*DATA BLOCK*
----------------

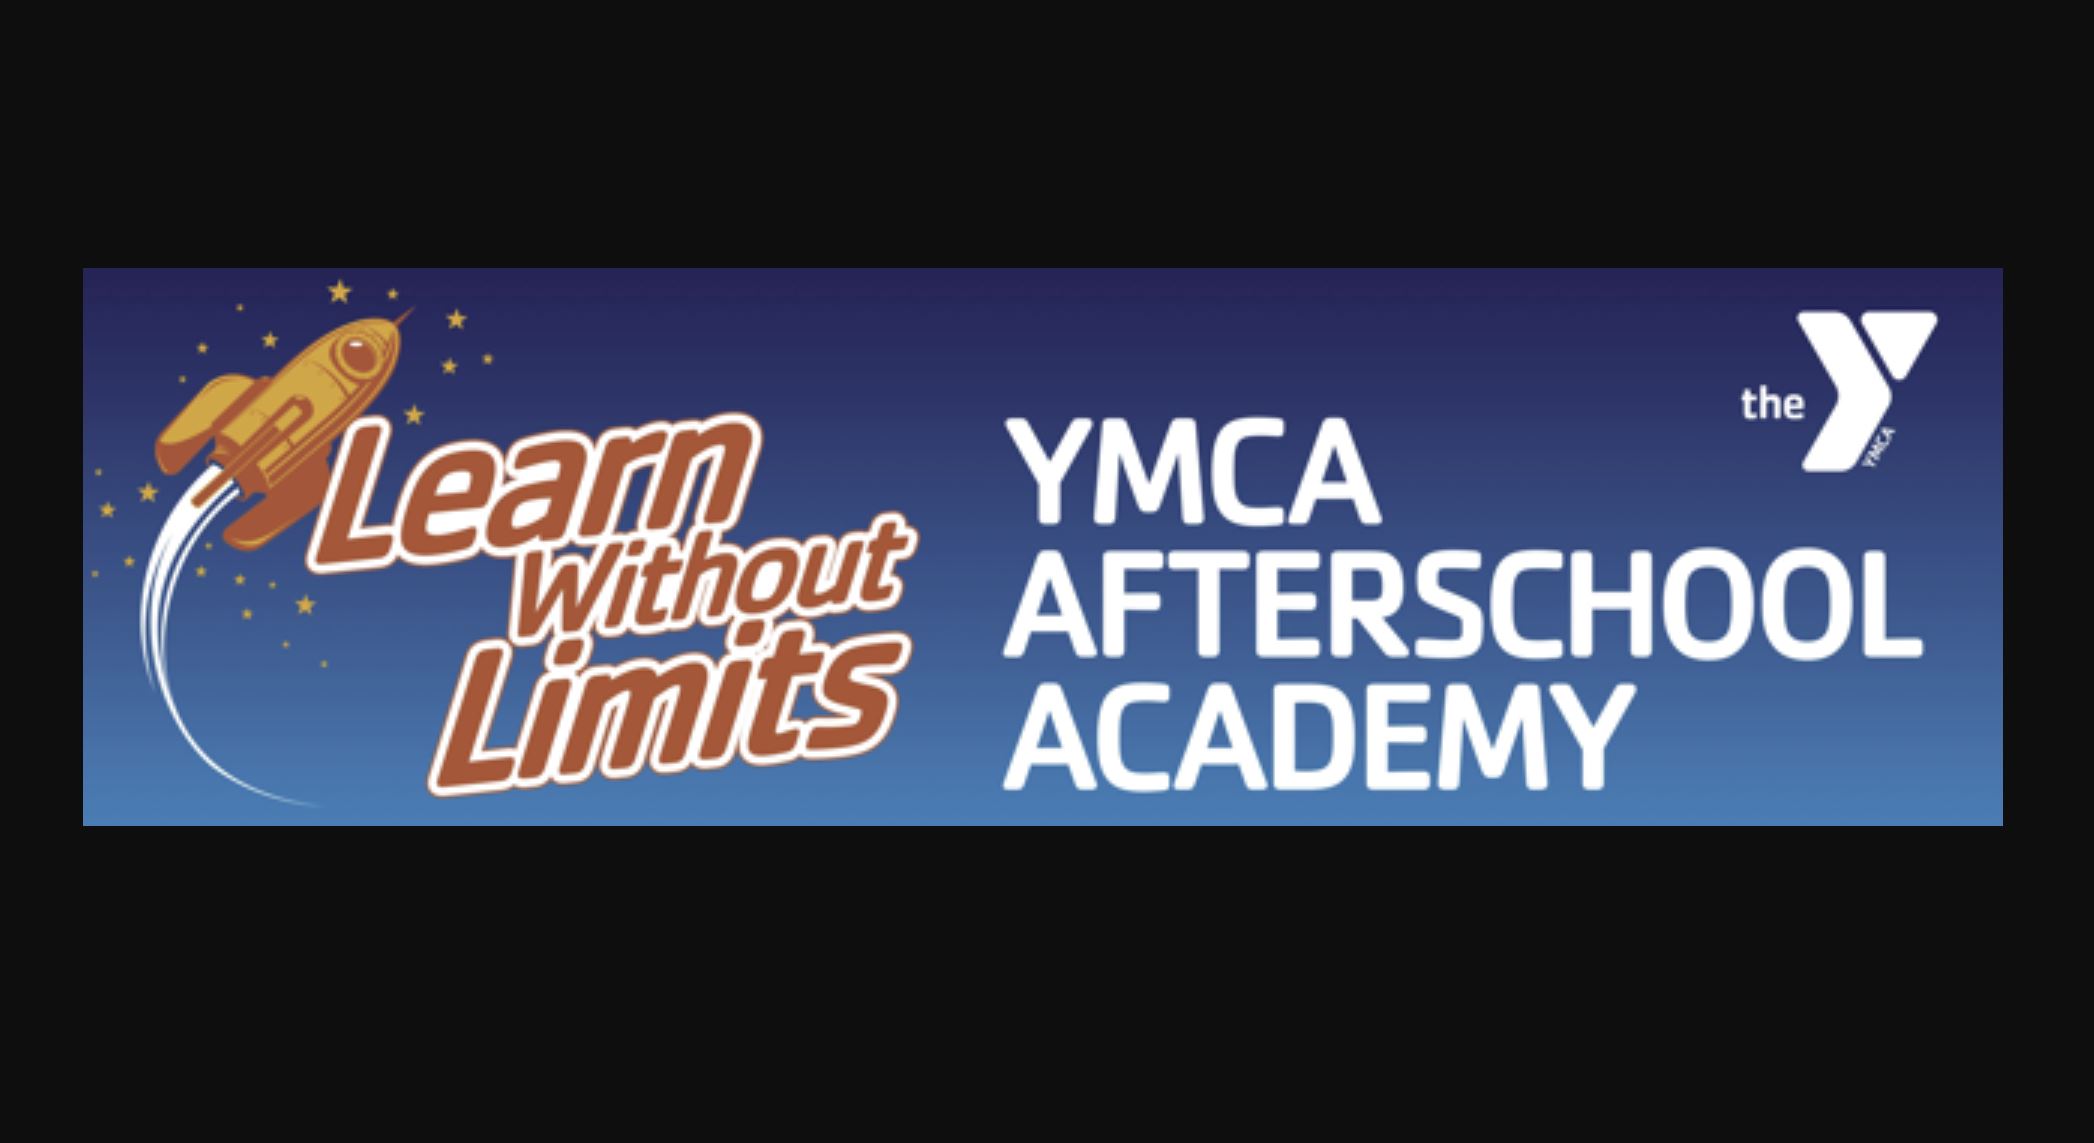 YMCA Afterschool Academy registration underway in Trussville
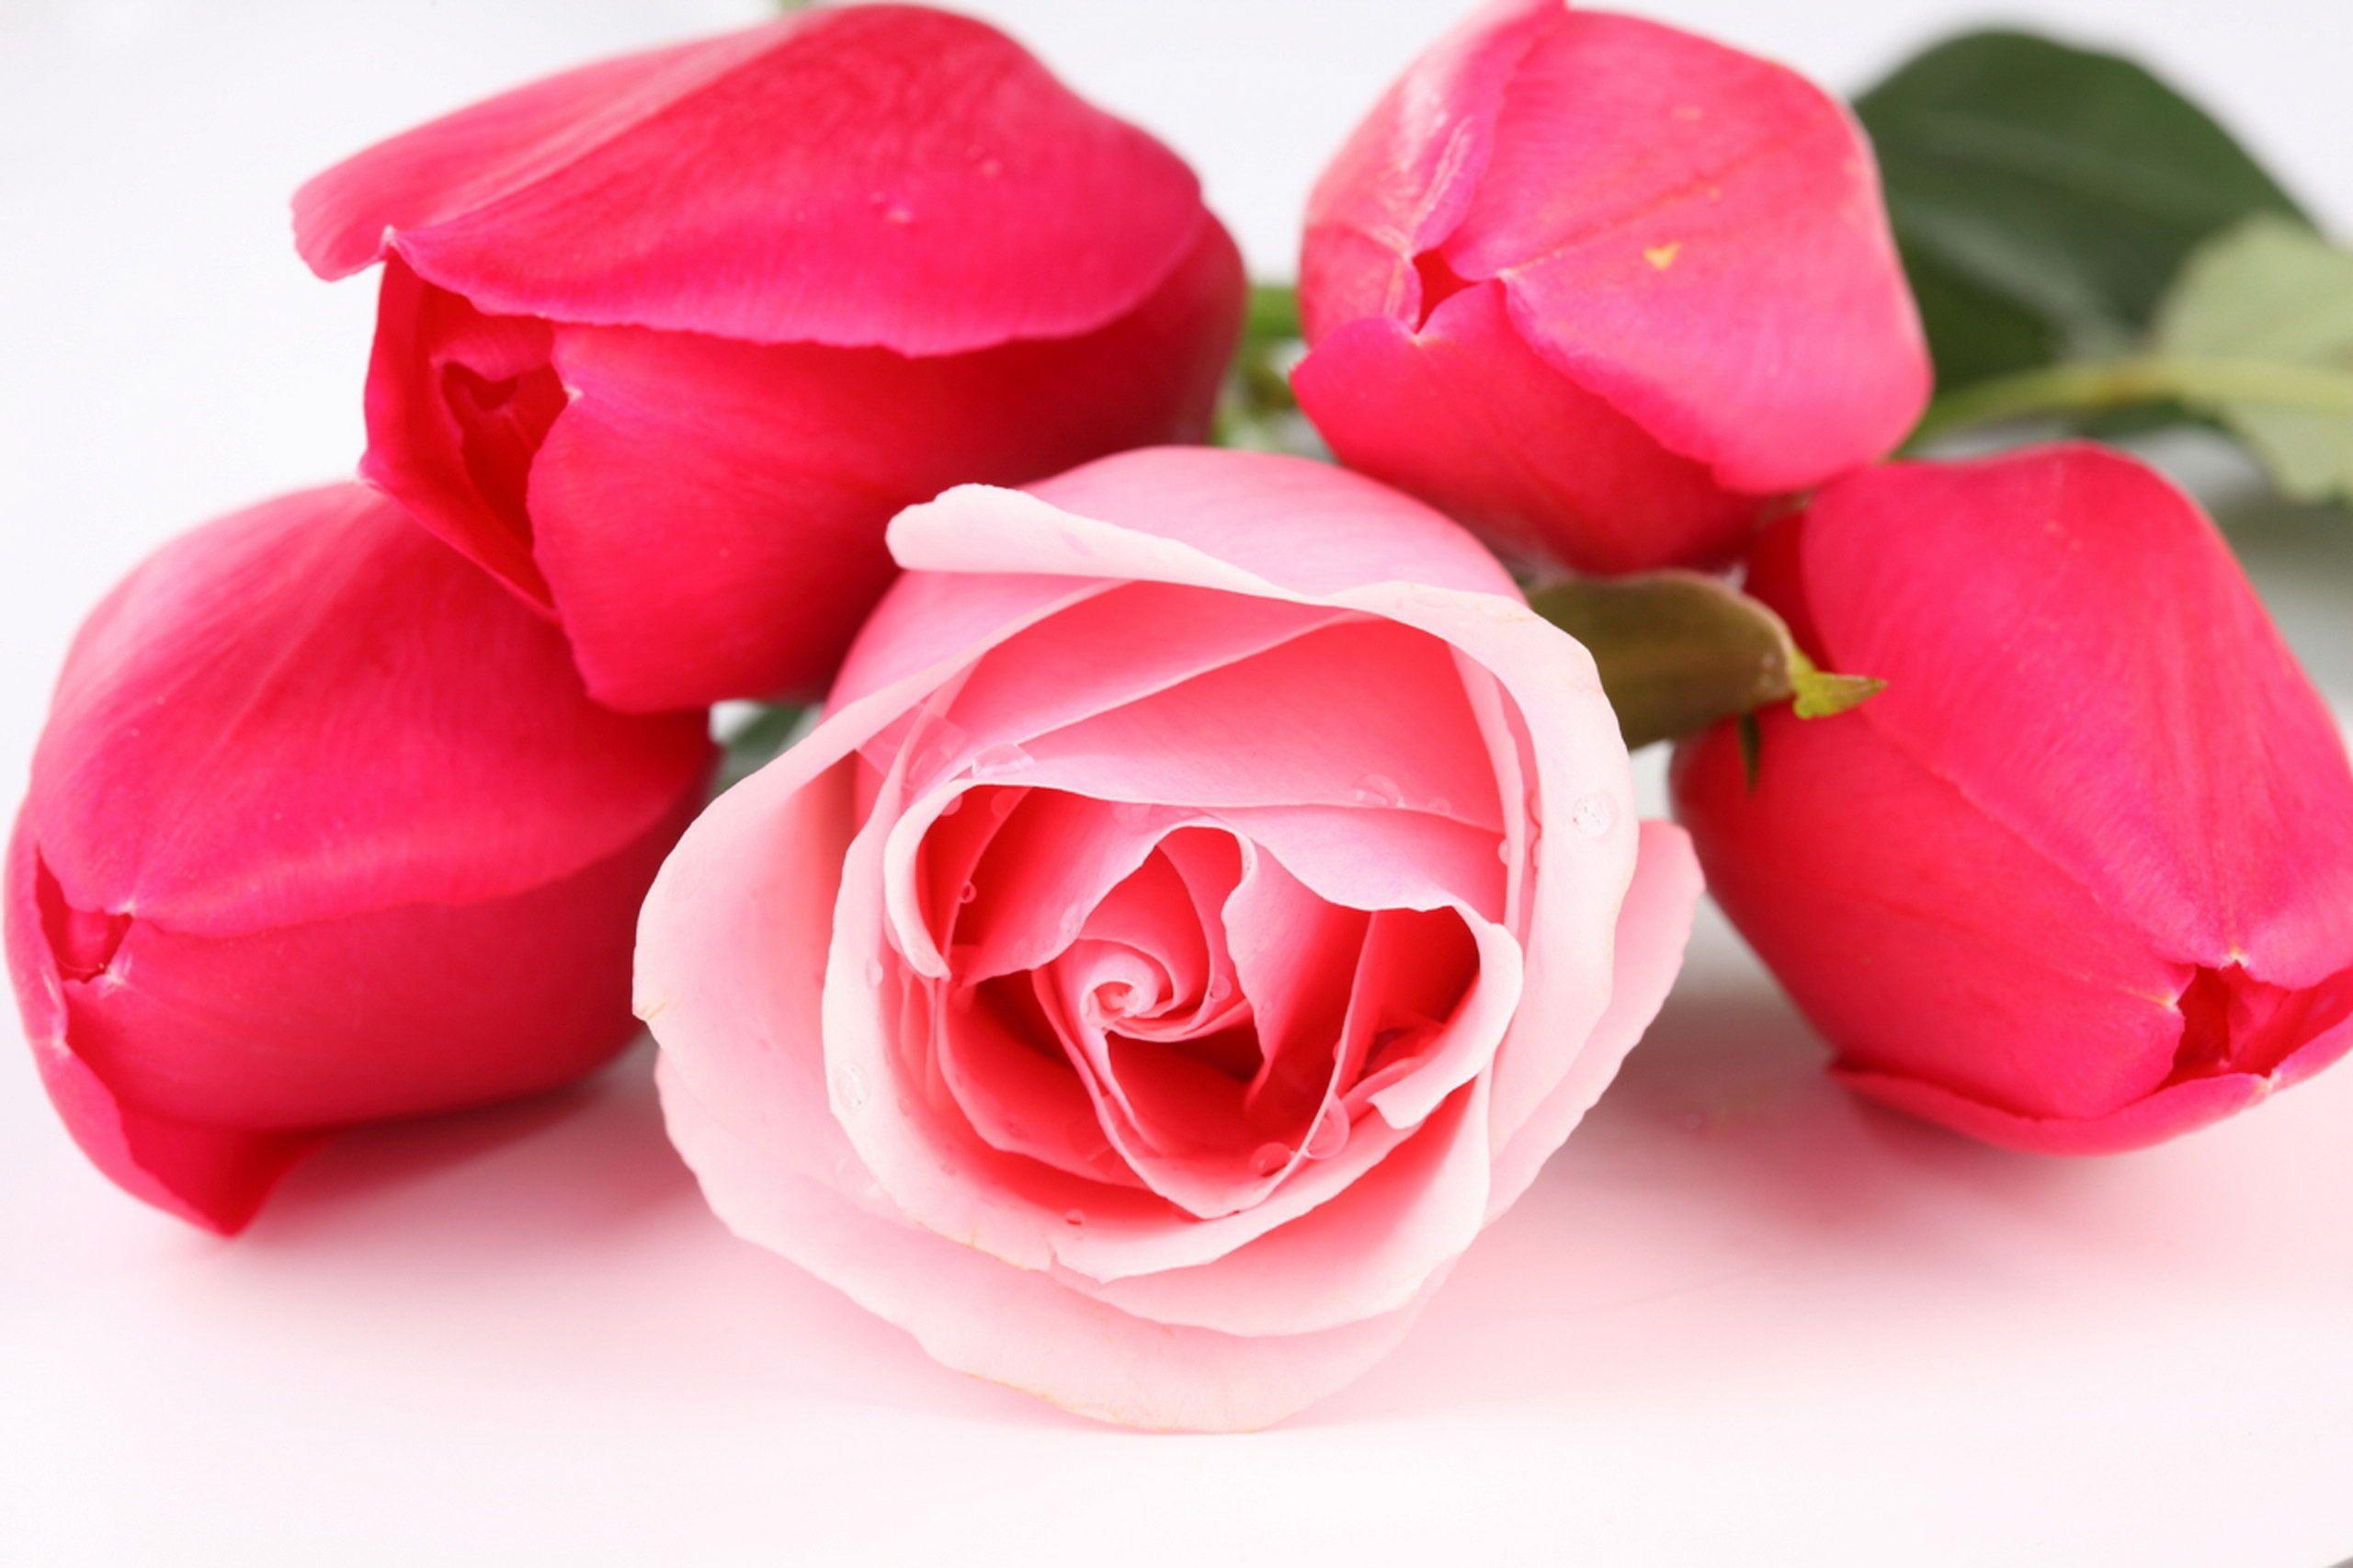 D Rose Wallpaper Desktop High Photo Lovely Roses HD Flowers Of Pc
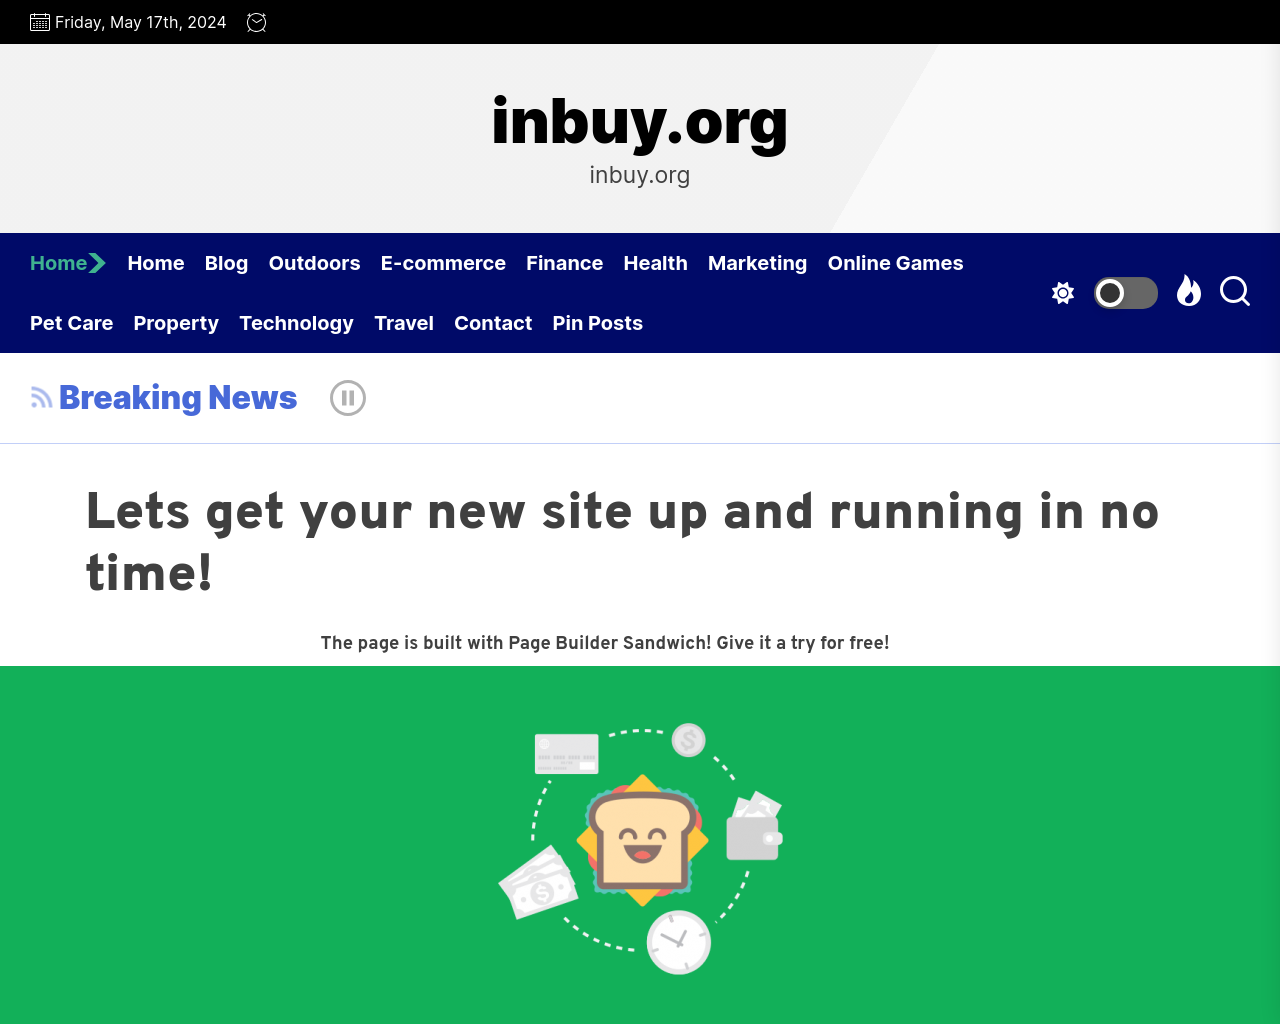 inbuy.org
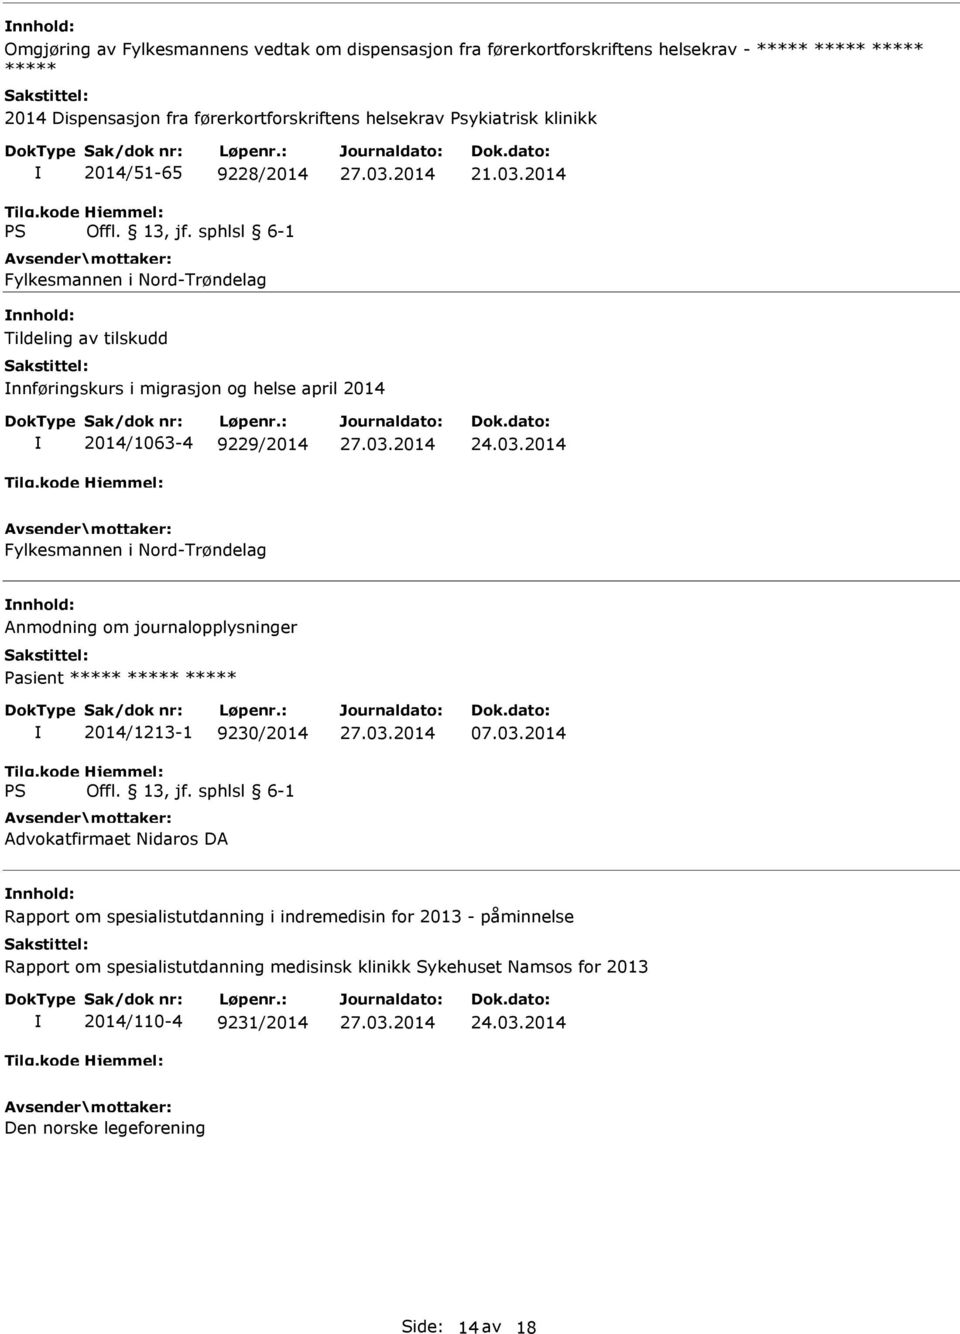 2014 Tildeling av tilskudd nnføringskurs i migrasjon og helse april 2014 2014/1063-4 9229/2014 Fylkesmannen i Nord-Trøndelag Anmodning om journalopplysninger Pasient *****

----------------

Restate the whole listing above exactly, except for its images.

 YMCA Afterschool Academy registration underway in Trussville
 D Rose Wallpaper Desktop High Photo Lovely Roses HD Flowers Of Pc
 inbuy.org
 2014 Tildeling av tilskudd nnføringskurs i migrasjon og helse april 2014 2014/1063-4 9229/2014 Fylkesmannen i Nord-Trøndelag Anmodning om journalopplysninger Pasient *****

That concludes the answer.